Haigh has already touched on what she considers good advice: growing and maintaining relationships and not being afraid to ask for help. But she adds, “Be willing to take risks with your career. You’ll never be in the position of believing you know everything for your next role – so just give it a go anyway.”
The need for diversity and balance
One thing all CISOs accept is the need to obtain and retain talented staff within cybersecurity teams. While acknowledging that there are some additional hurdles for recruitment within the defense sector, neither Watson nor Haigh consider that recruitment is particularly more difficult than it is in other sectors. Both concentrate on building diversity even more so than accruing security certifications. University degrees are useful because they demonstrate the ability to learn – but the precise degree subject is less important.
Watson seeks balance in her team when recruiting new staff. “I like to sit down and talk to people,” she says. “It’s a conversation – it’s never that deep question-answer interview. It’s more about listening to people and getting a feel for who they are, how they communicate, how they handle things.
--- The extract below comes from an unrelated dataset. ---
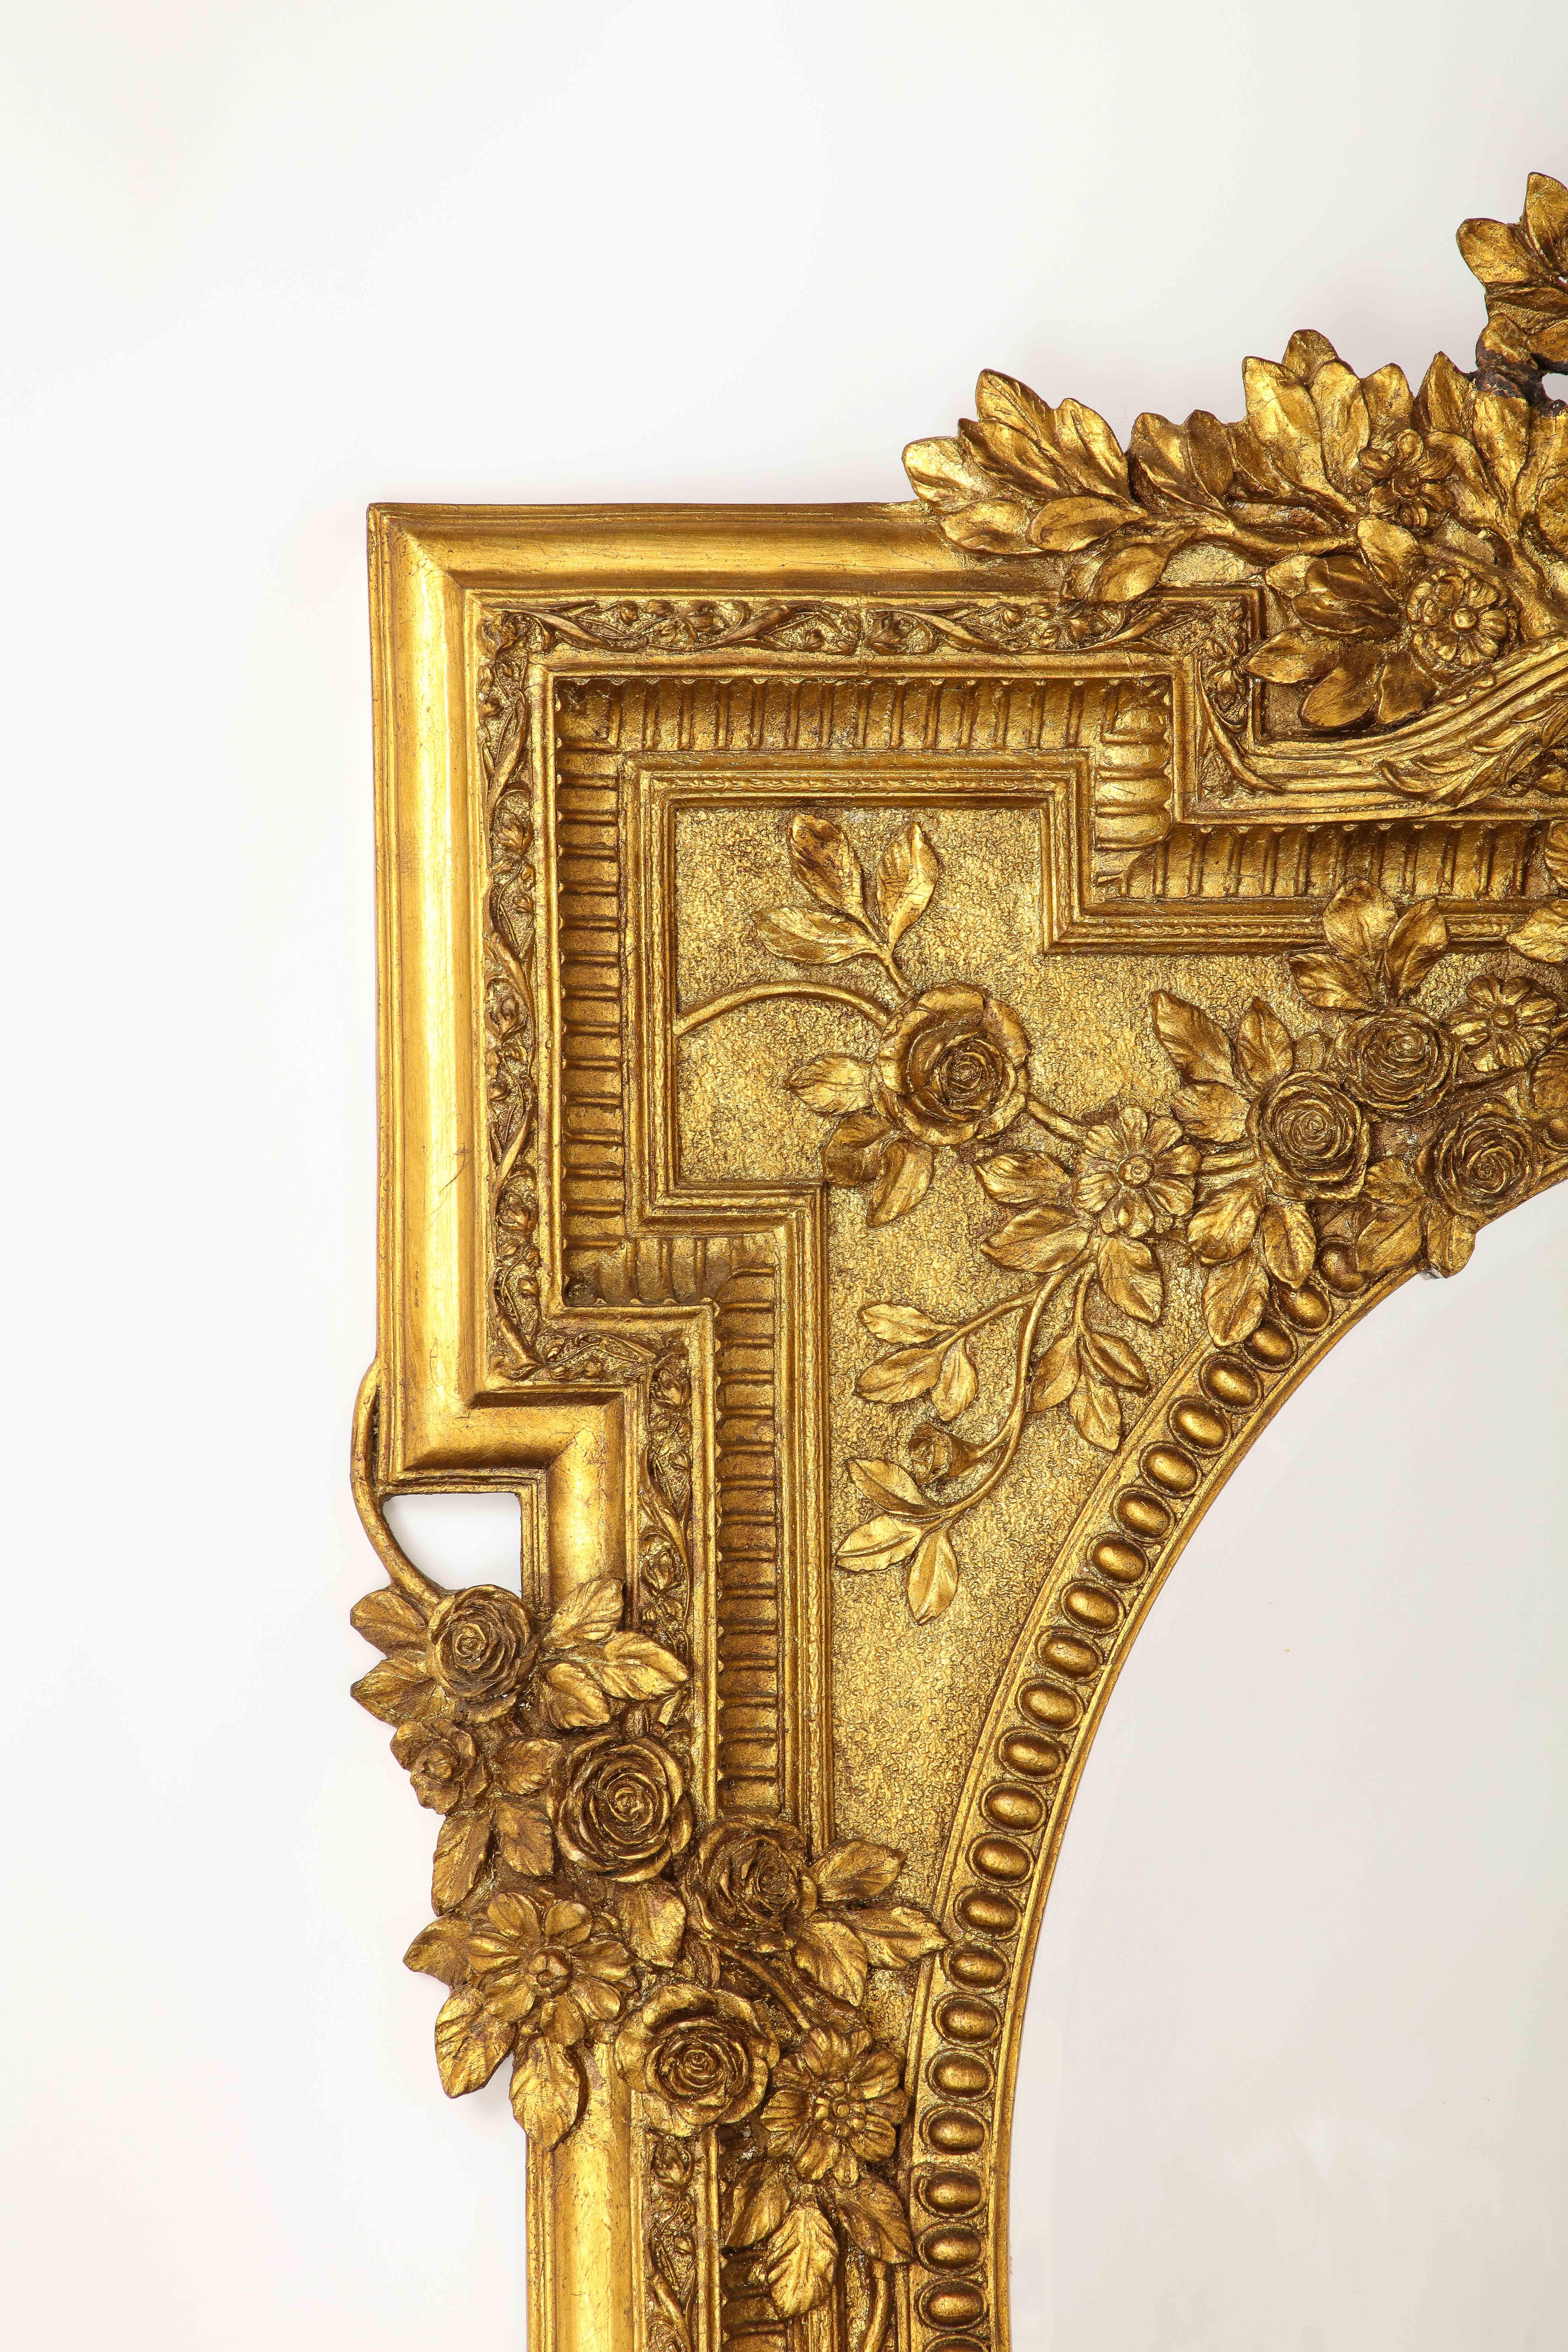 Marvelous French Giltwood Hand-Carved Beveled Mirror with Floral Vine Designs For Sale 1

I truly believe that by doing that kind of interview, diversity naturally occurs. I’m not just looking at what’s on paper when we have the conversation. It’s great when you already know a person a little bit – and you’ve seen them in action. But equally, when you bring somebody in cold off the street for an interview, it’s all about that communication, that conversation. And I just feel that diversity then occurs naturally. I don’t ever go out of my way to ensure certain things are occurring, but then at the end it’s just naturally happened. We have a good, diverse group of people.” The end product, she believes, is both diversity and balance in her team.
“We’ve often been too narrow in thinking about who we need to be in cyber roles,” says Haigh. “When I look at my team, I’ve got an ex-West End star, I’ve got someone that did a classical music degree, I’ve got someone that did geopolitics, I’ve got someone that did graphics then computer science. I did physics, someone else did engineering, and someone else doesn’t have a degree at all. But they’re all now experts in cyber. They all bring something different and a different way of thinking – and I think we need that creativity in cyber because we’ve got some big problems to solve. In any area of challenge, you need the best team on it, and the best team is always the most diverse team. Whether that’s diversity in cognitive function, or race, or sexual orientation, or men and women, whatever – it’s diversity right across the page.”
Future threats to the defense sector
The bottom line for all CISOs, regardless of their leadership skills, is to defend their organization against cyber-attacks. We asked Haigh what she considers will be the primary threats to the defense sector in future years.
She replied, “The global growth in cyber power. With cyber power comes both stronger defenses and stronger offences. Obviously as a defense company we’d be squarely in the target lines for that kind of activity. A lot of countries are putting in a lot of money to build up their cyber power.”